> _EXERCISE DESCRIPTION_:
Among the entries that follow, locate the line with "Lake-View Room image" and the line with "Ekena Millwork CM18EDPGS". Output those lines and all lines in between, exactly, minus the pictures.

> _EXERCISE INPUT_:
* * * * * * * * *

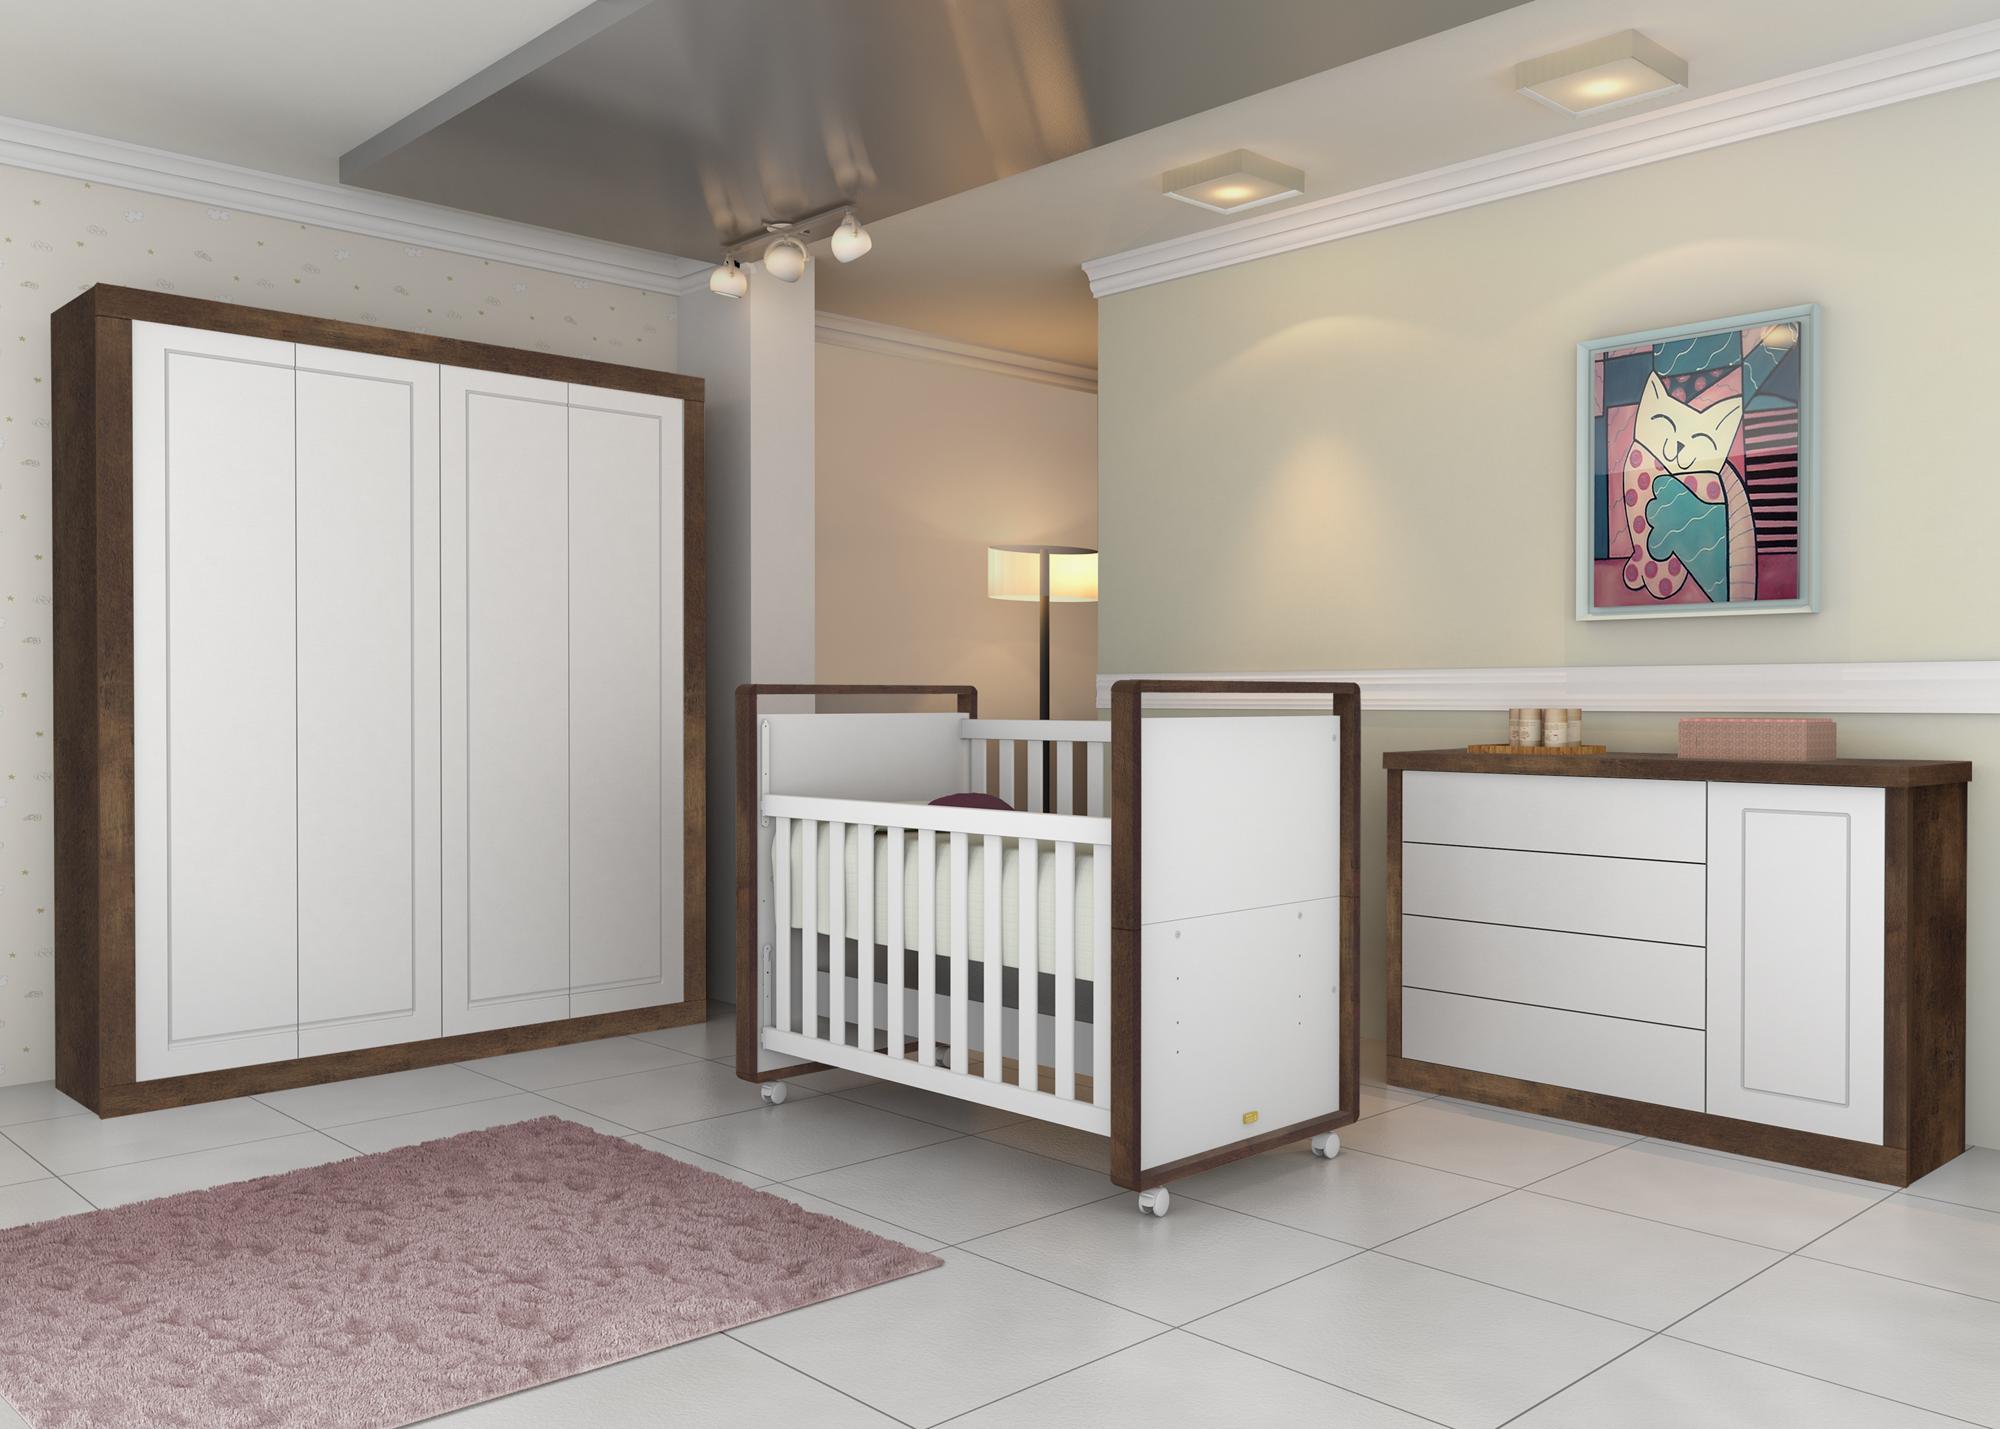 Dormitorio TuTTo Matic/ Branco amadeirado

* * * * * * * * *

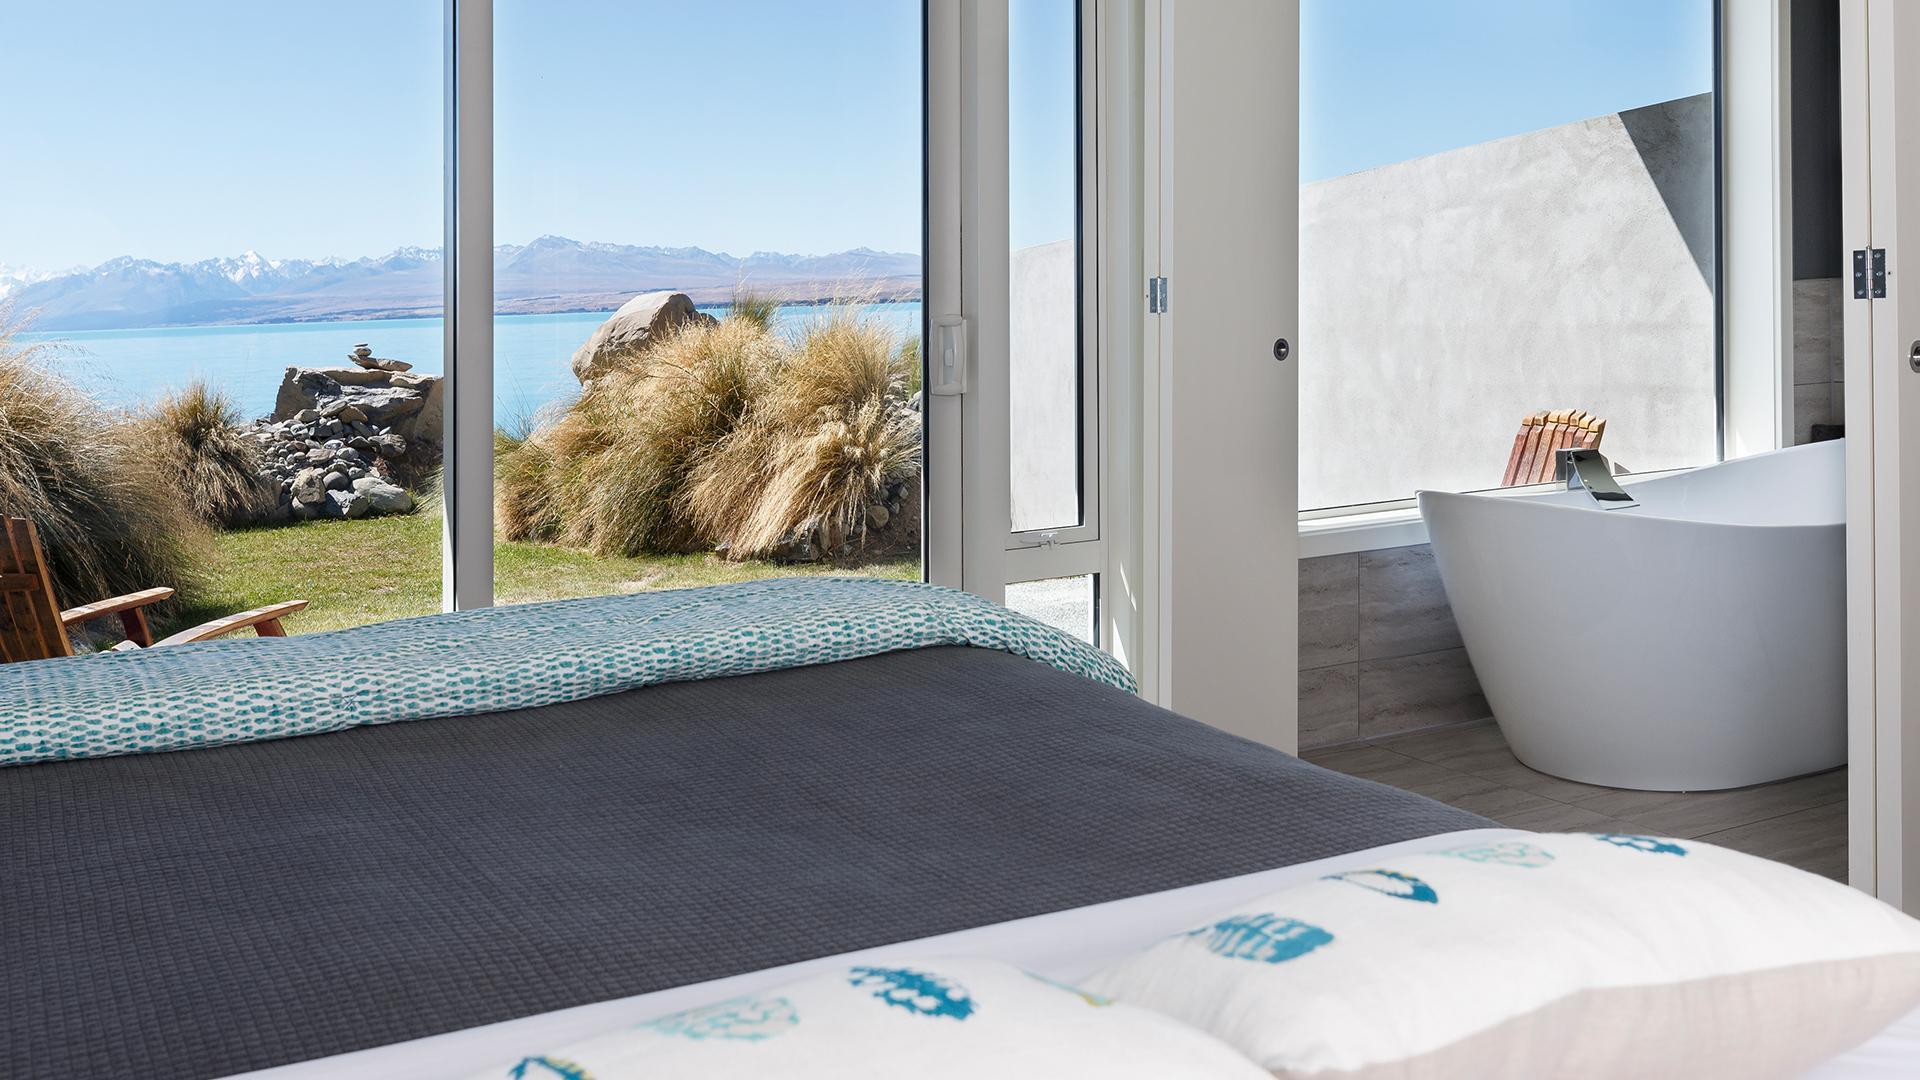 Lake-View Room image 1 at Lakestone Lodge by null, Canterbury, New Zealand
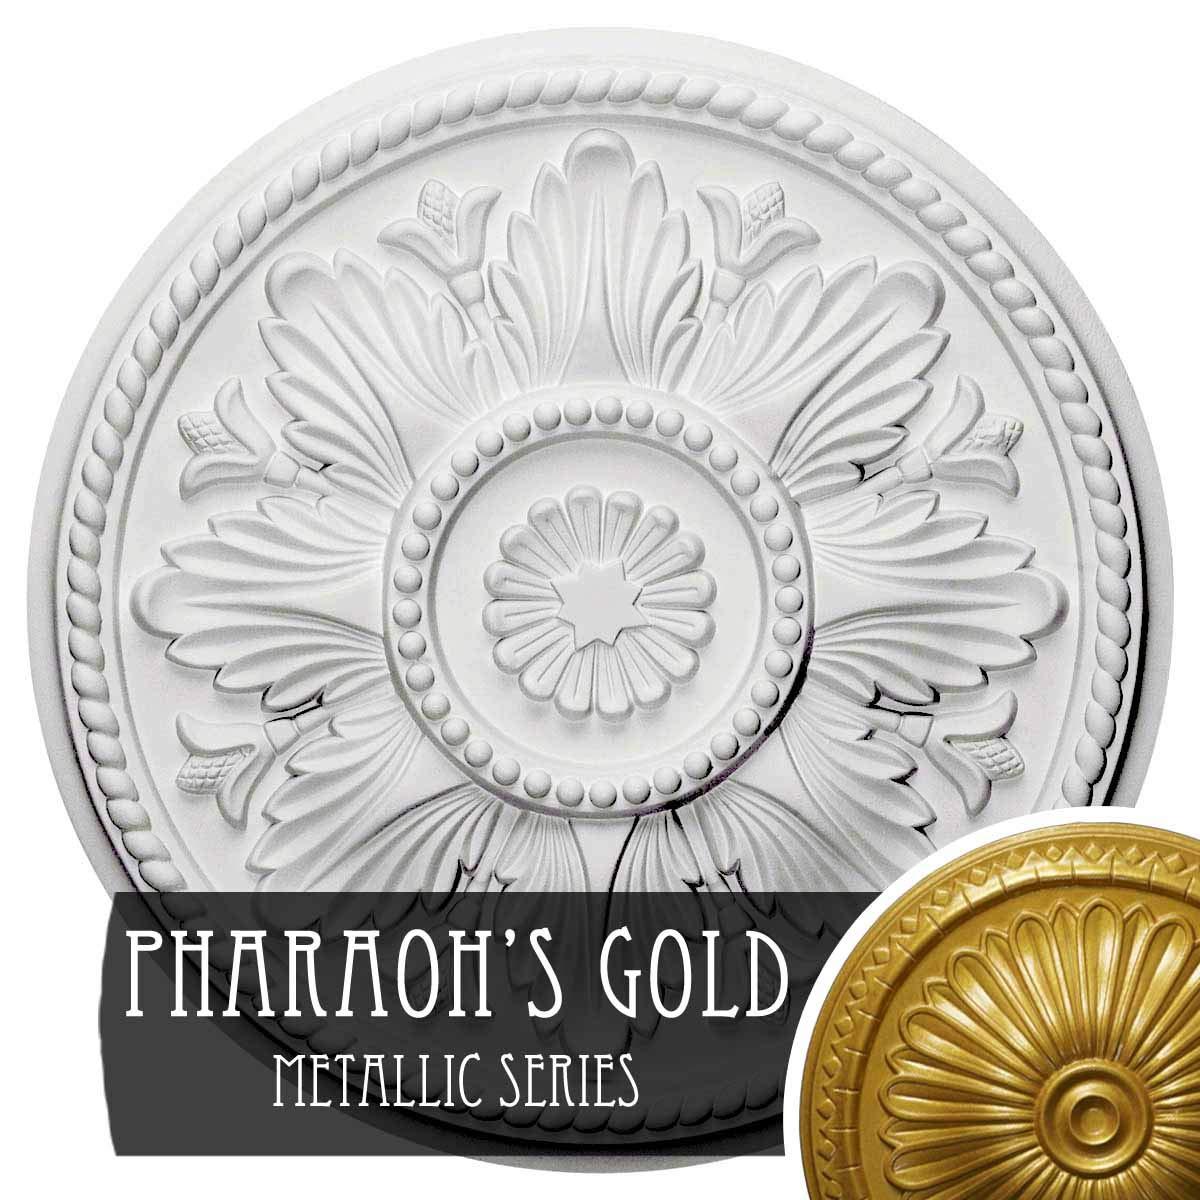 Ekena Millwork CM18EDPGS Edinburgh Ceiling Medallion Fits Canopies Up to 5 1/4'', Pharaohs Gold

* * * * * * * * *

> _SOLUTION FOR THIS EXERCISE_:
 Lake-View Room image 1 at Lakestone Lodge by null, Canterbury, New Zealand
 Ekena Millwork CM18EDPGS Edinburgh Ceiling Medallion Fits Canopies Up to 5 1/4'', Pharaohs Gold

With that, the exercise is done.